[NetBehaviour] Key Tweeter
olga.panades at gmail.com
Fri Jul 10 15:21:19 CEST 2009
I just read about Key Tweeter in Networked_performance.. (some info
below) It's funny because lately I started to think the debate around
privacy is becoming something absolutely irrelevant.. Or at least,
outdated.. Our privacy standards have been completely shattered by web
2.0 dynamics.. I'm of those that hasn't got a Facebook account because
of some sort of naif ideal of resistance.. it's got such a potential
for control.. Now I just feel like trashing all that discourse and
looking for new strategies..
This reminds me of a piece I wrote for Resonance FM..
"In an era of feverish communication, where staying in touch means to
be traceable, where the device of communication itself is a tracking
device and the networks over which the signal travels are under
corporate surveillance, I find merely oppositional resistance an
inefficient solution. To not be tracked I shall not give signal.
I am for resistance but I am not against this jungle. I am for
discovering its layers and the possibilities for recombination. I am
not an external. You might find that an integrated position. I will
give signal, and work under surveillance; but always in search for
back alleys, and grey zones, for failures in the system. Are
possibilities shrinking irreversibly or as they close up other
dimensions open elsewhere?"
(if u want to read more: http://virtualfirefly.wordpress.com/virtual-fireflies/)
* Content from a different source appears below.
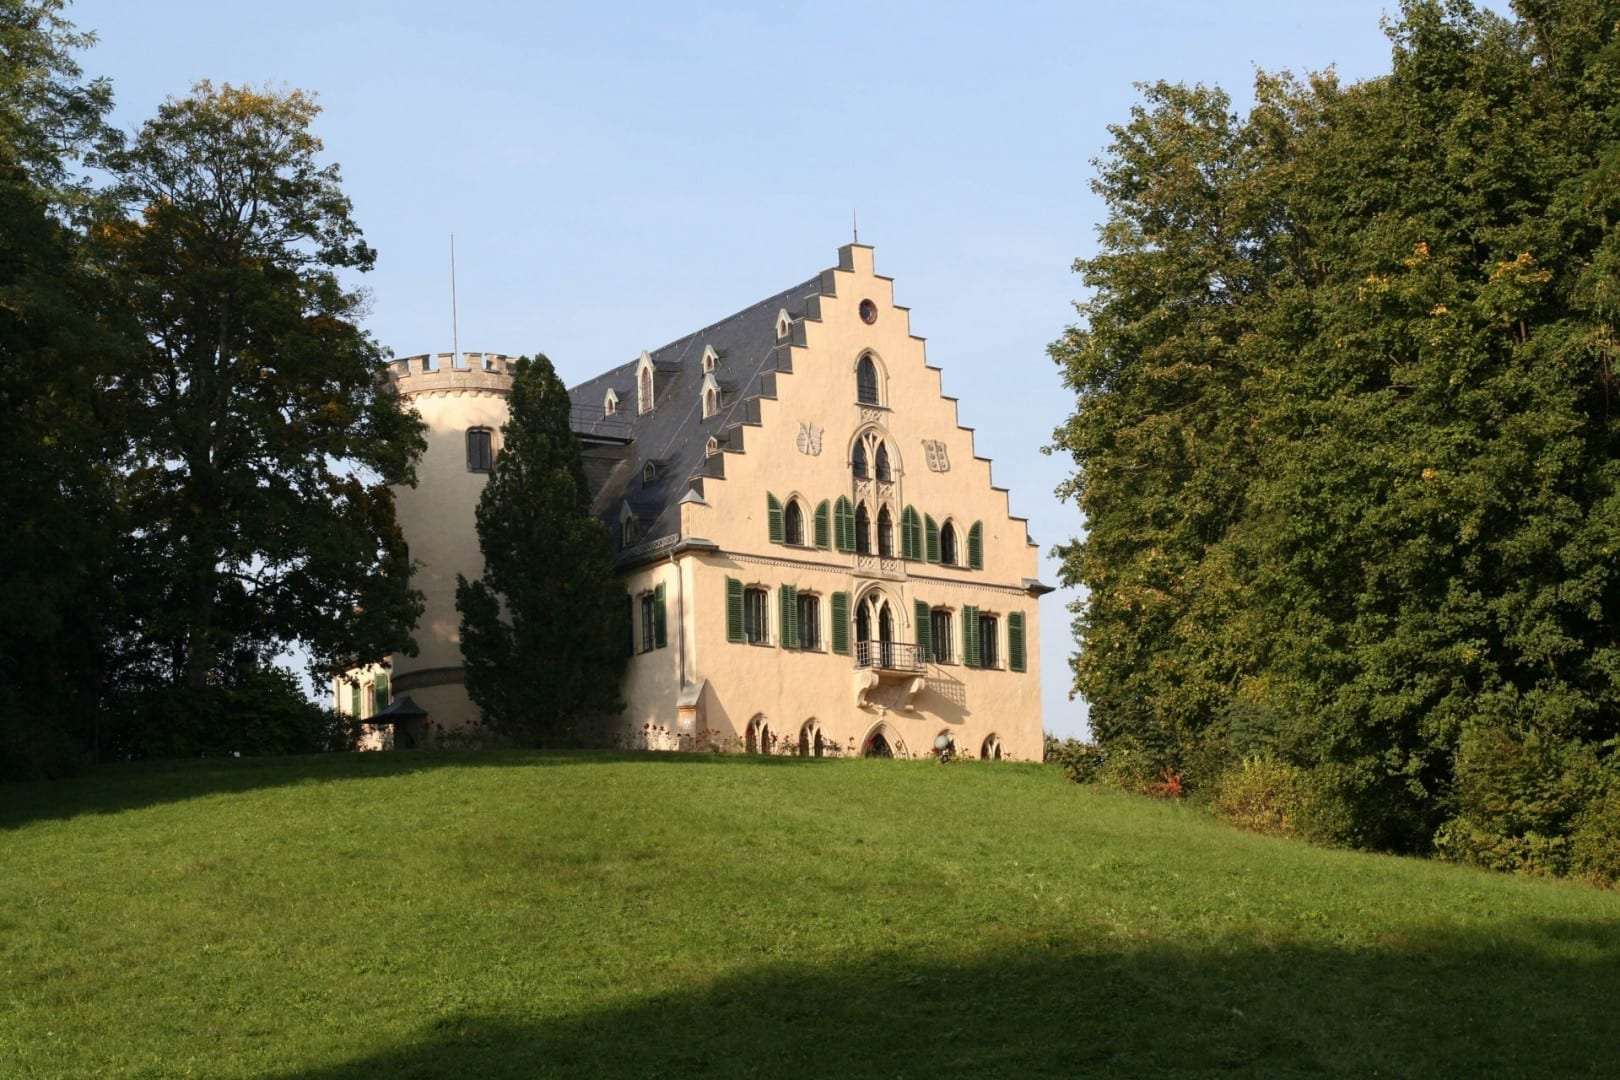 Castillo de Rosenau Coburgo Alemania

"KeyTweeter is a performance of data nudism based on a Twitter account
interfaced with a keylogger. Keyloggers are applications generally
used by identity thieves to record everything that is typed on a
keyboard in order to gather sensitive information and passwords. In
this case the software is tweaked to broadcast everything except the
passwords. Kyle McDonald’s Twitter profile is a wild stream of
consciousness that reflects the frenetic multitasking activity of the
author: you can spot fragments of code belonging to projects he’s
currently working on (exposing himself to plagiarism?), personal
communications (publishing information about friends that are not
meant to be known?) and even errors and corrections, paradoxically
putting the twitter-voyeur in a position of broader awareness than the
recipient of the email or instant message. Possibly imagining a world
of absolute transparency, the artist makes the source code available
with instructions on how to set up your own KeyTweeter."